Speaking on Thursday, a partner with Koskoff, Koskoff & Bieder called the Connecticut court decision “a turning point” in the legal quest of 10 families the firm represents in holding Remington accountable for selling the gun used in the murders.
“The court has said … that the gun industry — in this case Remington — is protected in many, many ways that other industries (are not), and they have not agreed with many of our claims based on that immunity,” said Josh Koskoff, the partner who is leading the firm’s work on the case. “But they’ve approved of this fundamental principle that you cannot as an industry — or as a company that is engaged in the sale and marketing of dangerous items — you can’t engage in reckless marketing that does nothing to address a problem, but only contributes to it.”
Again, though, the key is in the connection between the marketing and the murders.
Remington Outdoor Co., which owns Bushmaster, was recently in bankruptcy. The company, with its roots in Bridgeport, has its headquarters gun manufacturing plant in Madison, N.C., with a larger factory at another historic base in Ilion, N.Y.
A year ago, with obligations of more than $1 billion under former owner Cerberus Capital, Remington undertook a swift bankruptcy reorganization under Chapter 11 protections that shifted control of the company to creditors JPMorgan Chase and Franklin Advisors.
At the time of the bankruptcy filing, Remington indicated it expected claims to be filed on behalf of litigants through several law firms, including Koskoff, Koskoff & Bieder, without specifying amounts those plaintiffs might seek.
“Remington has tried everything during this five-year period to prevent us from looking at their stuff,” Koskoff said Thursday. “At the end of the day, you just have to wonder what are they hiding? Why don’t they just turn it over? If they are so confident that we don’t have a case, let’s see your stuff.”
As of last May, Remington listed assets of $841 million, more than a quarter of that amount represented by the estimated value of the company’s existing inventory of weapons and parts that anti-gun activists would rather keep off the street.

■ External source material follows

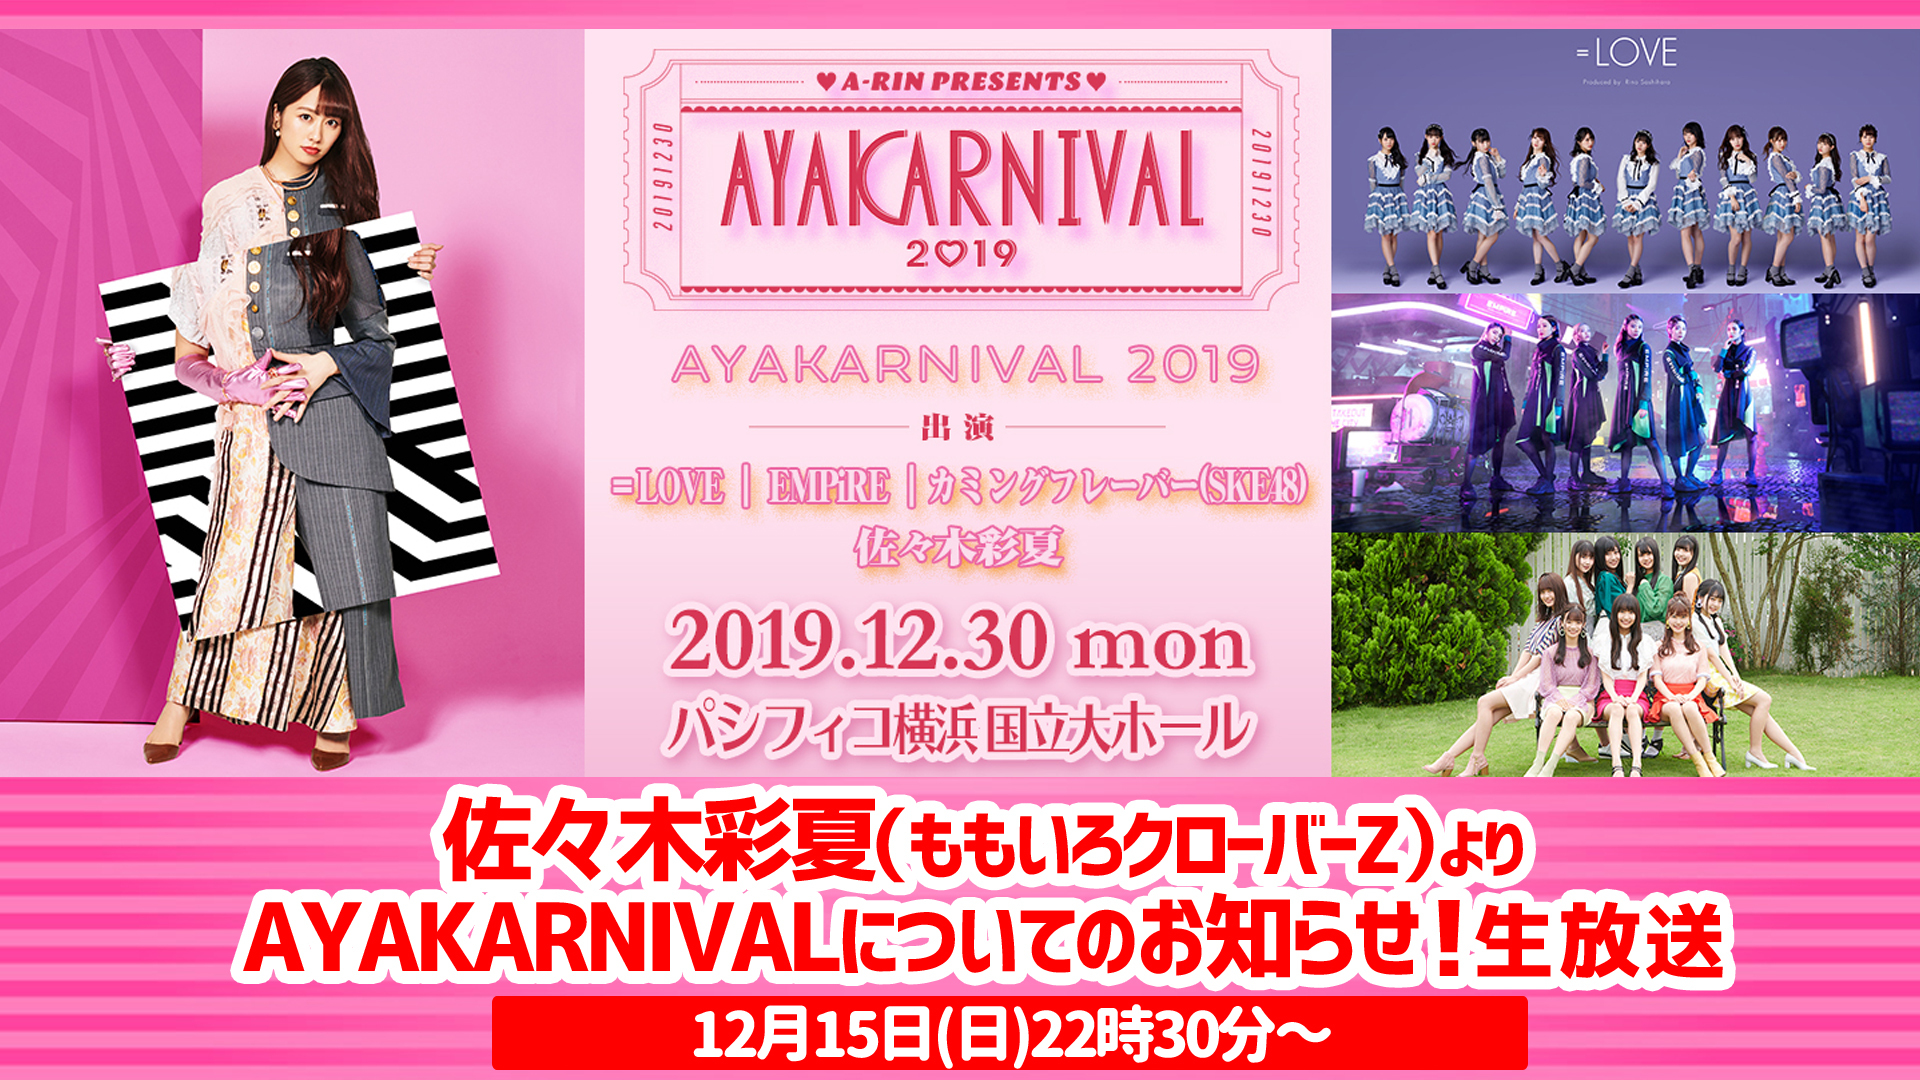 佐々木彩夏よりayakarnivalについてのお知らせ 生放送 2019 12 15 日 22 30開始 ニコニコ生放送

Remington reported sales of $43.4 million for a period of just over a month through early May, and a net cash outflow of $27.1 million when factoring in disbursements totaling $70.5 million.
Remington has not published updated finances since. Multiple media outlets reported the company initiated layoffs this month that could total 200 jobs.
Rep. Steve Stafstrom, D-Bridgeport, a lawyer and co-chairman of the legislative Judiciary Committee, said he is eager to see what the Sandy Hook families can find out during the discovery process.
“Frankly, I’m happy to see the Supreme Court allow them their day in court to present their argument to a jury. I think we’re going to see some very interesting things come out during discovery, and the bottom line is that no one needs an AR-15 assault rifle. And the allegation that that rifle is being marketed for children should be very concerning to every resident.”
Schwartz, the Washington lawyer and tort expert, said, “as the great Justice Benjamin Cardozo once keenly observed, ‘negligence in the air will not do.’ You need causation.”